GIVEN MATERIAL:
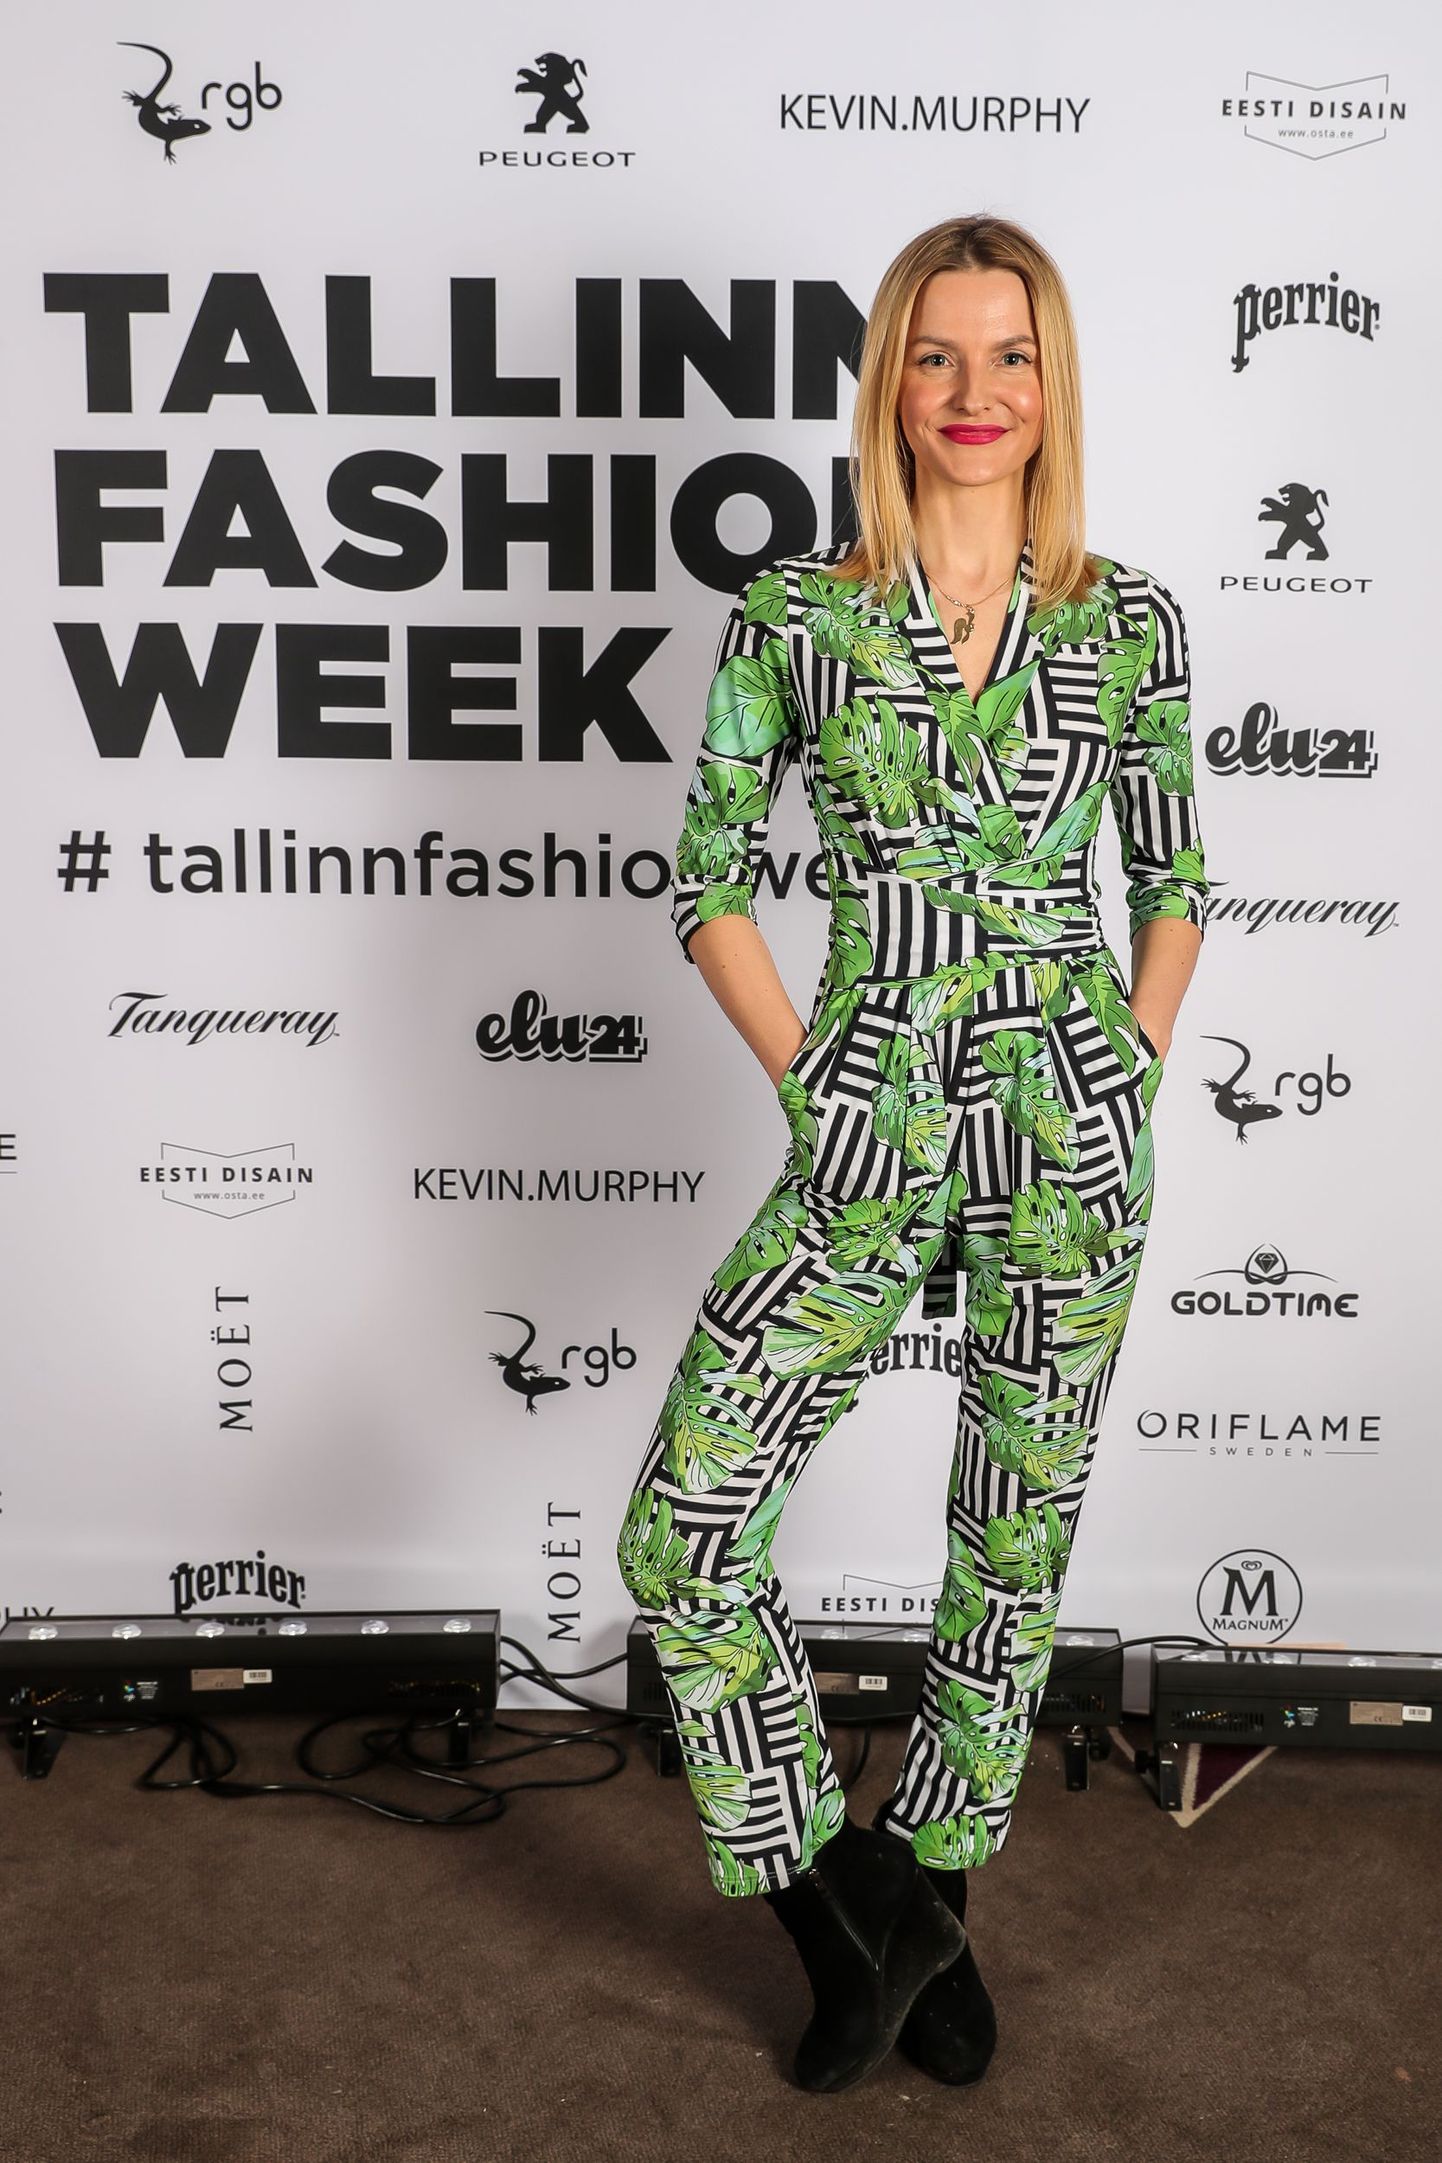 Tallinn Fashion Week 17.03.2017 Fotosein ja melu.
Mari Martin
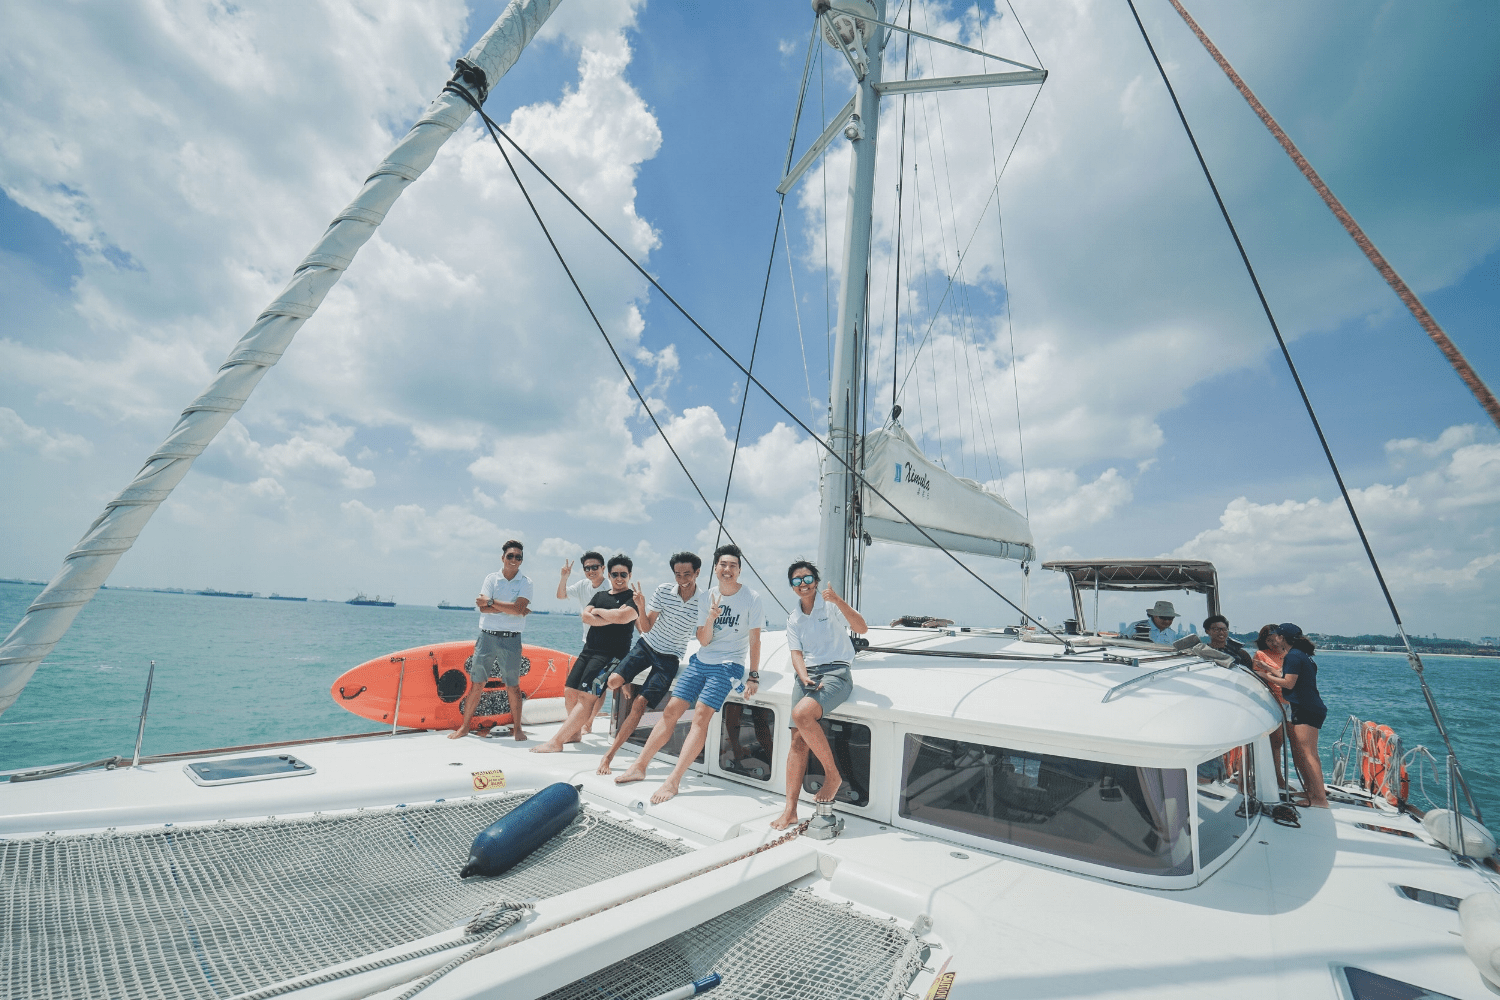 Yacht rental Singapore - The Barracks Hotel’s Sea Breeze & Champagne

WHAT IS NEEDED: Restate word for word, please, the line containing "Mari Martin" and all lines after it through the end of the material; the pictures do not belong in the copy.

EXERCISE ANSWER:
Mari Martin
 Yacht rental Singapore - The Barracks Hotel’s Sea Breeze & Champagne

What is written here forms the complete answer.